Requiring a earth-sphere Long/Lat for map placement, or even mapping to
one, is relatively ominous if all you have are IP addresses and some
vague notion of how they are related to each other (much less a physical
real-world location, if that is really at all important to the user).

> Since it does it by layers, you could have it look in the dbase and be able
> to select which type of devices you want displayed.
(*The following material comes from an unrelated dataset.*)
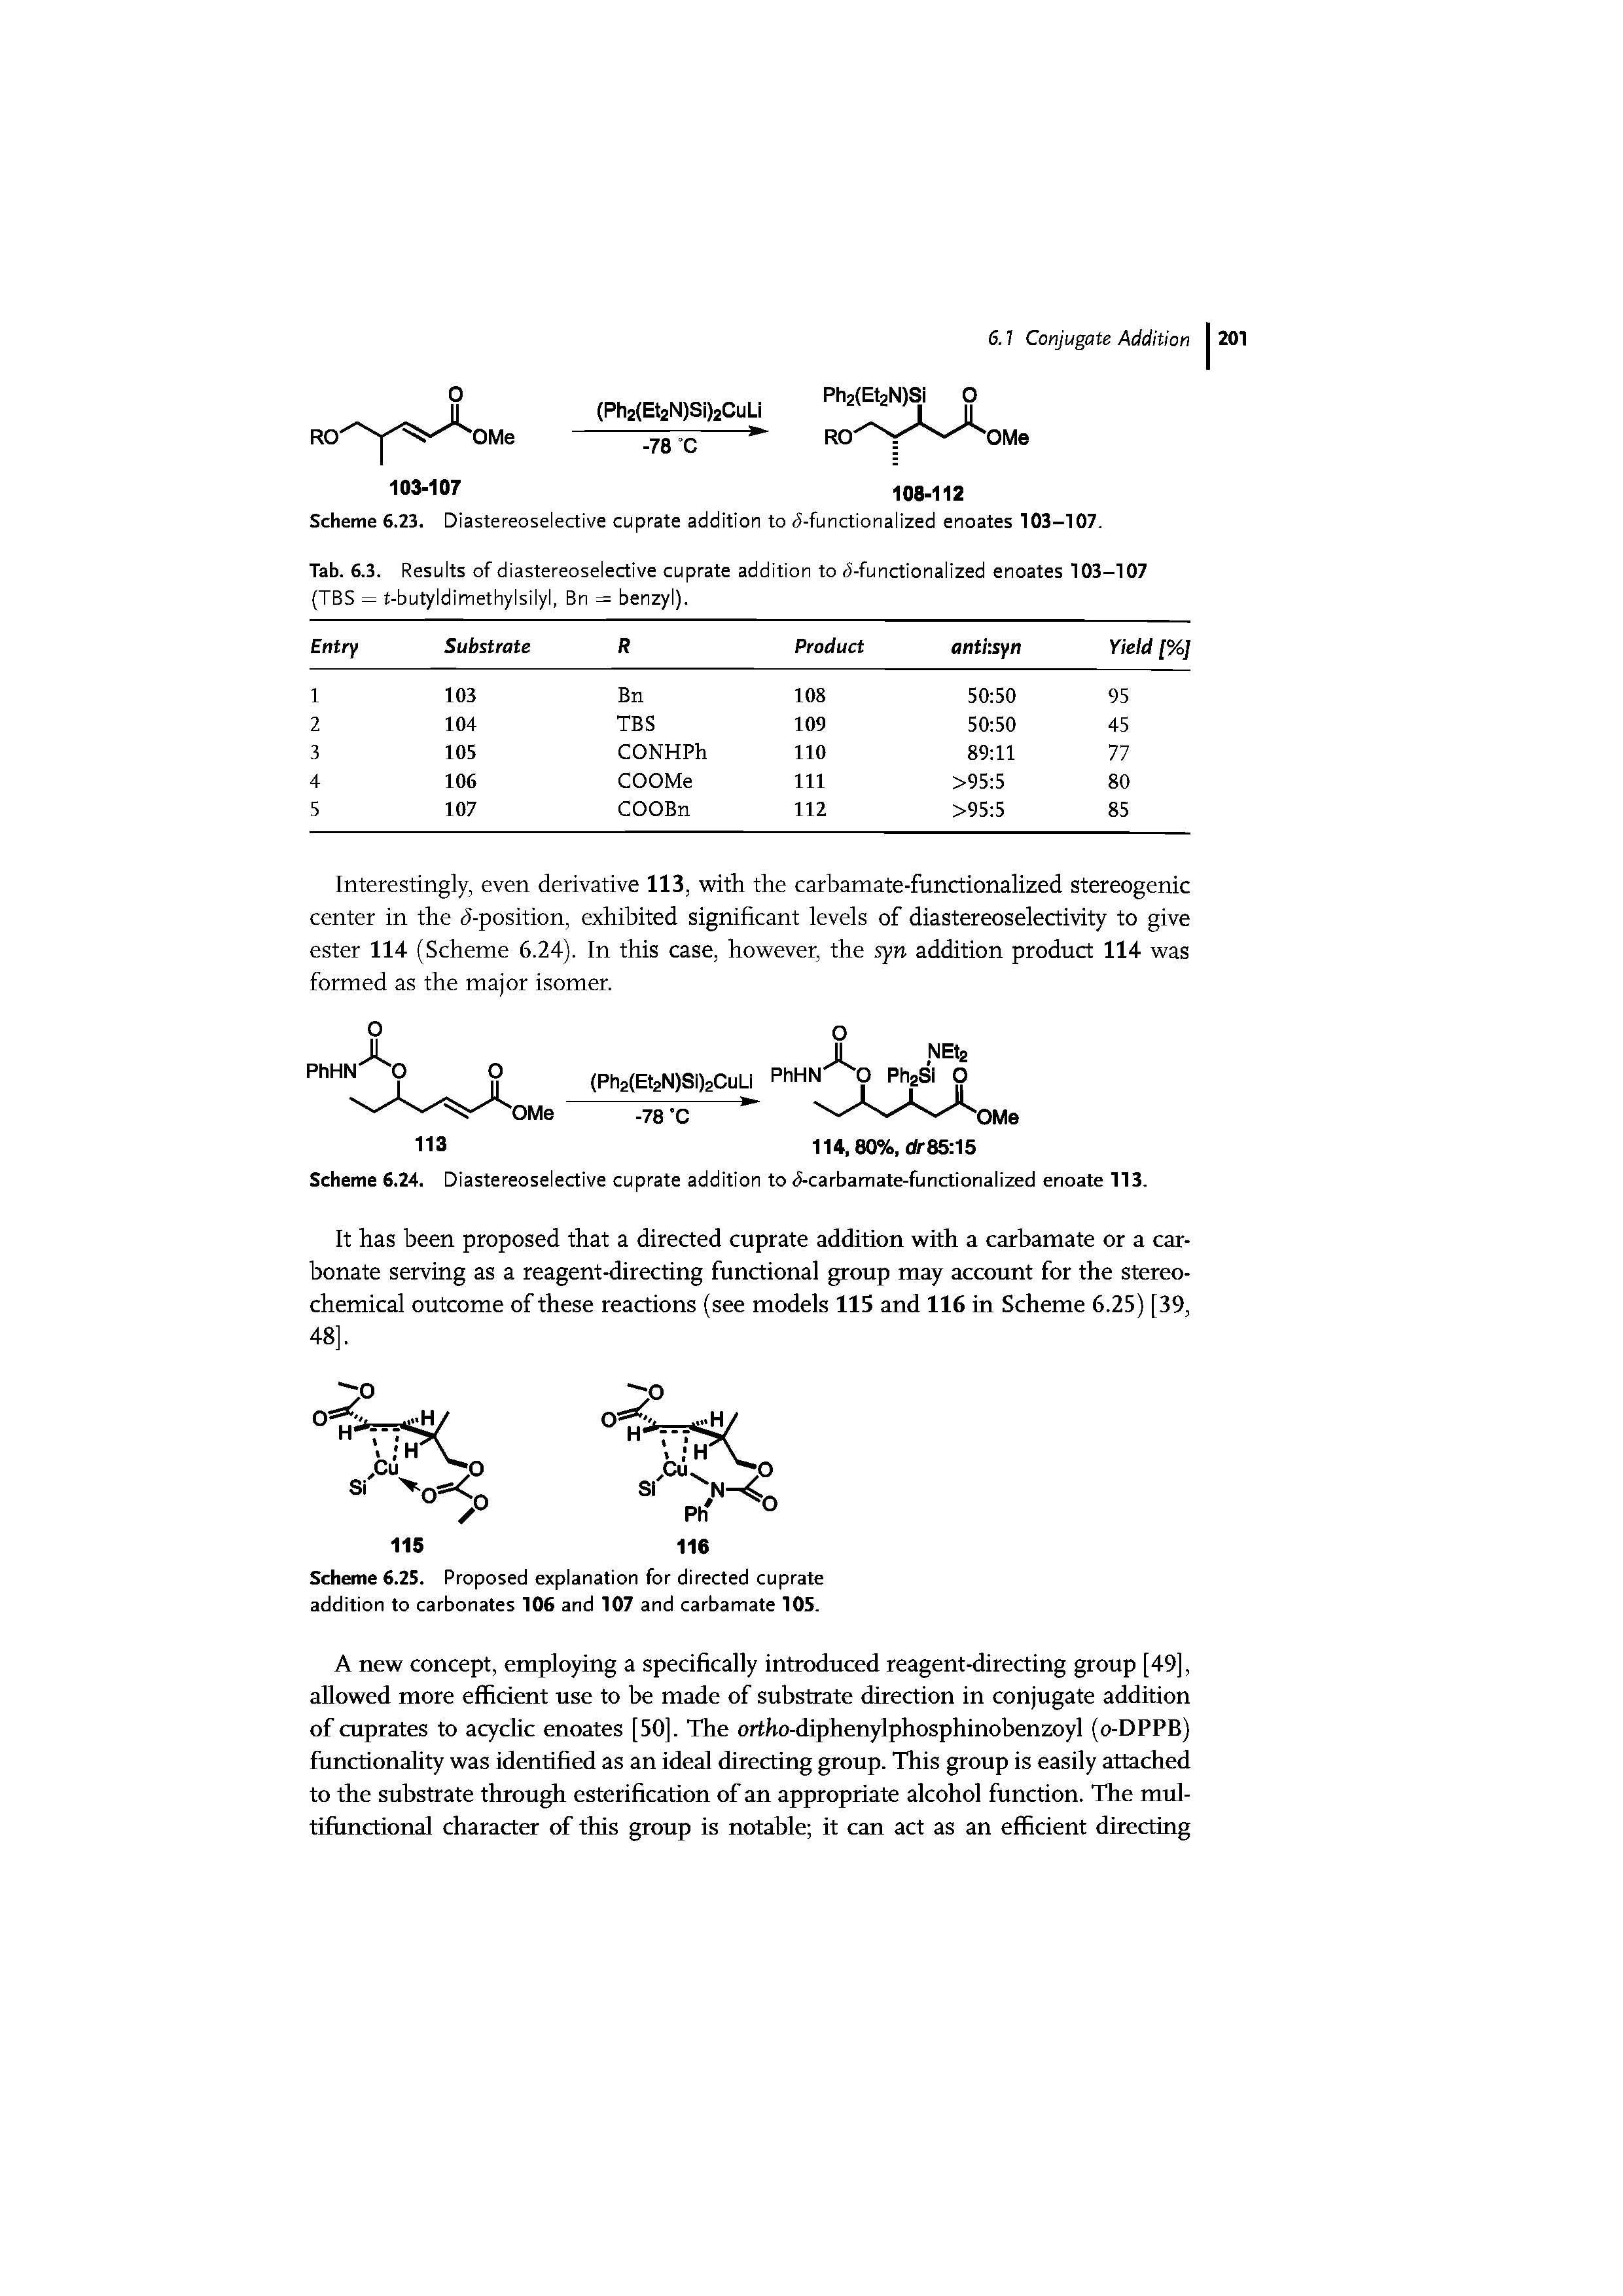 Tab. 6.3. Results of diastereoselective cuprate addition to <5-functionalized enoates 103-107 (TBS = t-butyidimethylsilyl, Bn = benzyl).

The goal is to output a vector representation of node data. There will
be some notion of layers, of course, but requiring that all nodes have a
unique position and layer that they belong to leaves the map designer in
the same situation that NetSaint/Nagios do to their users today.

> And it would be displayed according to whatever criteria is in the dbase.

The key is offering a simplistic human interface to the information
stored in the database. Make it too complex and you've ruined the
benefit of using the mapping tool to begin with.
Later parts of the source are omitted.